Because the stakes are so exceptionally high for the individual patients being treated in these places, a lot of people don’t recognize that a battle won on any of these individual fronts won’t make much of a difference against the Law of Human Mortality. Surviving cancer or heart disease doesn’t substantially increase the average human lifespan, it just decreases the odds of dying of cancer or heart disease.

The way doctors treat illness today “is simple,” wrote S. Jay Olshansky, a demographer at the University of Illinois. “As soon as a disease appears, attack that disease as if nothing else is present; beat the disease down, and once you succeed, push the patient out the door until he or she faces the next challenge; then beat that one down. Repeat until failure.”[100 - Have we made a deal with the medical devil that’s backfired?

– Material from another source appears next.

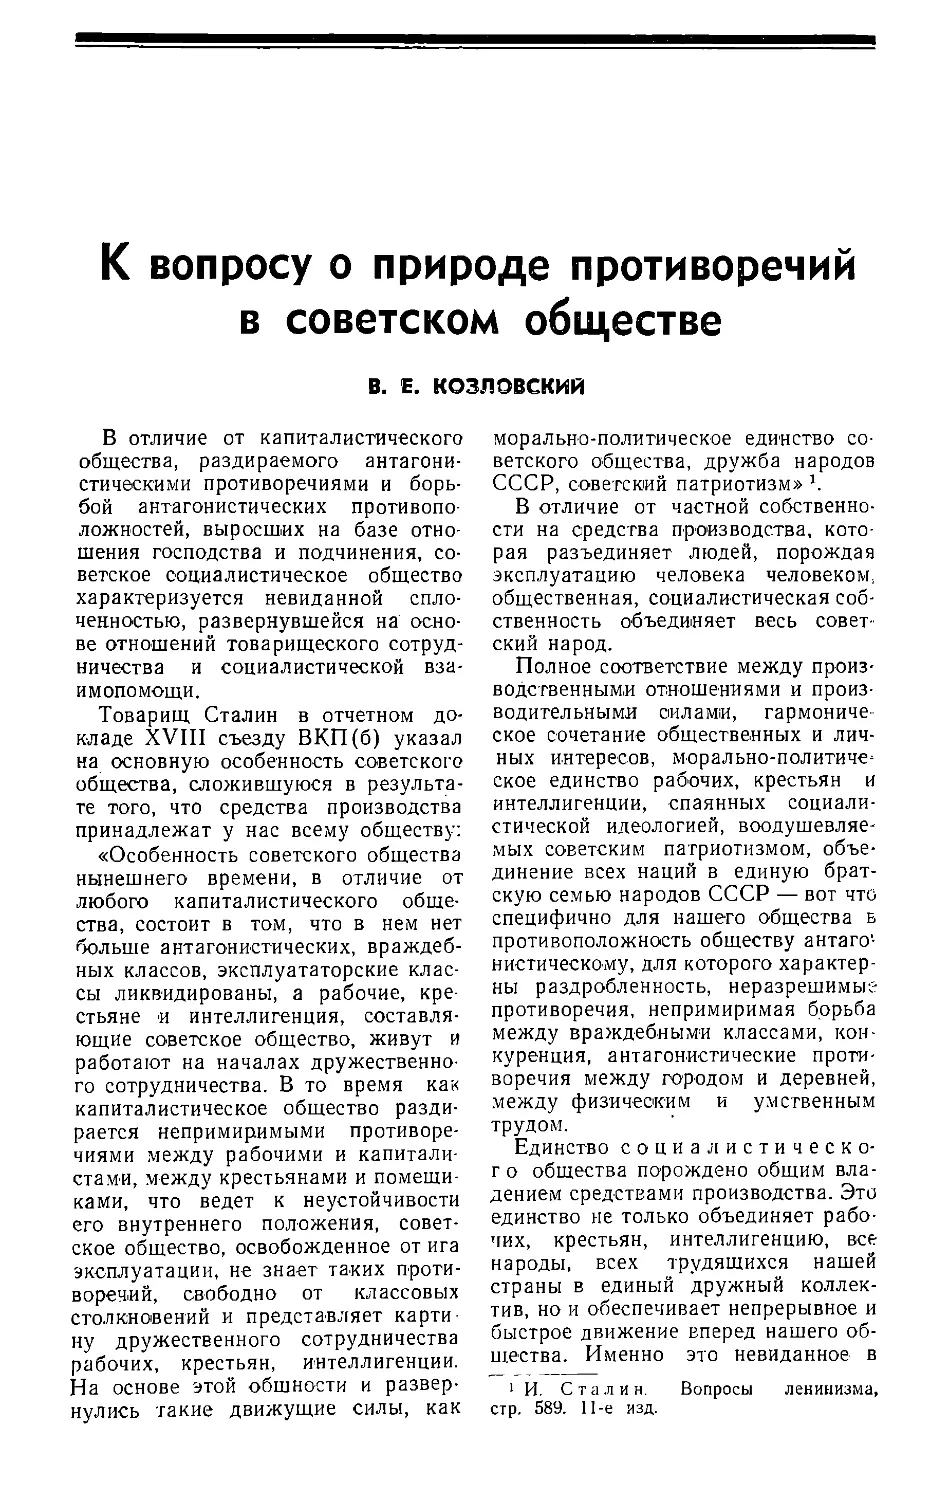 В. Е. Козловский — К вопросу о природе противоречий в советском обществе
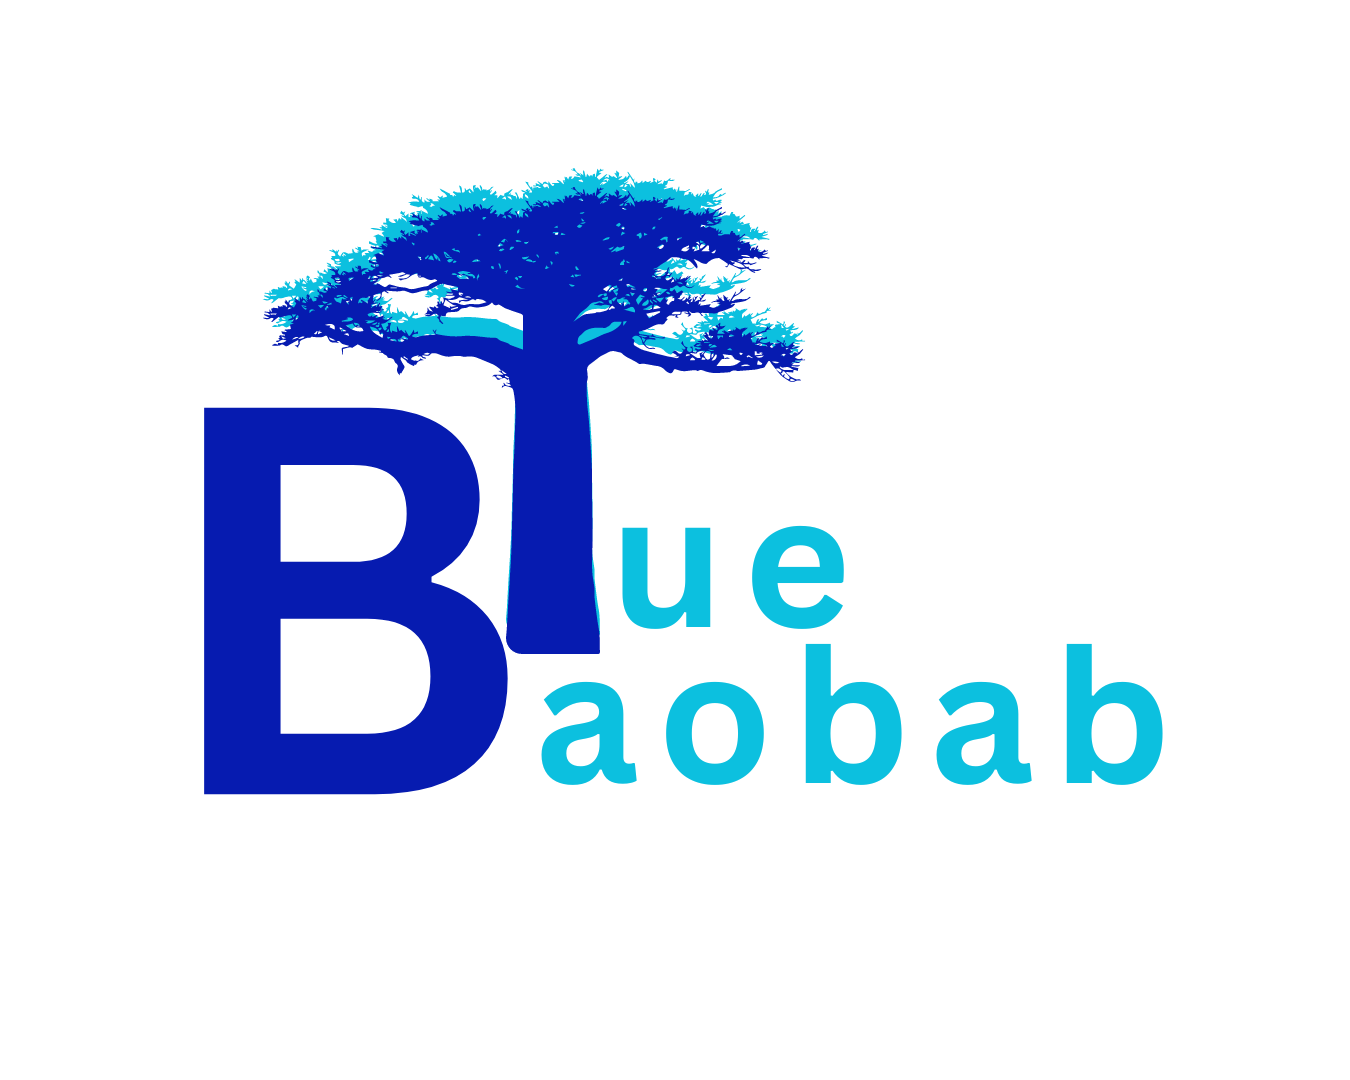 Blue Baobab.png

Olshansky certainly thinks so, contrasting the quest for human longevity and health to the dark narrative of Faust’s ultimately pyrrhic deal with Mephistopheles. “It’s possible that humanity has squeezed about as much healthy life out of public health interventions as possible and that the human body is now running up against inherent limits that the genetically fixed attributes of our biology impose.” S. J. Olshansky, “The Future of Health,” Journal of the American Geriatrics Society 66, no. 1 (December 5, 2017): 195–97, https://onlinelibrary.wiley.com/doi/full/10.1111/jgs.15167.]

The United States spends hundreds of billions of dollars each year fighting cardiovascular disease.[101 - The numbers are indeed staggering: close to 800,000 Americans die annually of cardiovascular-related diseases; medical costs related to cardiovascular issues are expected to be over $818 billion by 2030 and lost productivity costs above $275 billion. “Heart Disease and Stroke Cost America Nearly $1 Billion a Day in Medical Costs, Lost Productivity,” CDC Foundation, April 29, 2015, https://www.cdcfoundation.org/pr/2015/heart-disease-and-stroke-cost-america-nearly-1-billion-day-medical-costs-lost-productivity.] But if we could stop all cardiovascular disease—every single case, all at once—we wouldn’t add many years to the average lifespan; the gain would be just 1.5 years. The same is true for cancer; stopping all forms of that scourge would give us just 2.1 more years of life on average, because all other causes of death still increase exponentially. We’re still aging, after all.

Aging in its final stages is nothing like a bushwalk, where a bit of rest, a drink of water, a nutritional bar, and some fresh socks can get you another dozen miles before sunset. It’s more like a fast sprint over an ever-higher and ever-closer set of hurdles. One of those hurdles will eventually send you for a tumble. And once you’ve fallen one time, if you do get up, the odds of falling again just keep getting higher. Take away one hurdle, and the path forward is really no less precarious. That’s why the current solutions, which are focused on curing individual diseases, are both very expensive and very ineffective when it comes to making big advances in prolonging our healthspans. What we need are medicines that knock down all the hurdles.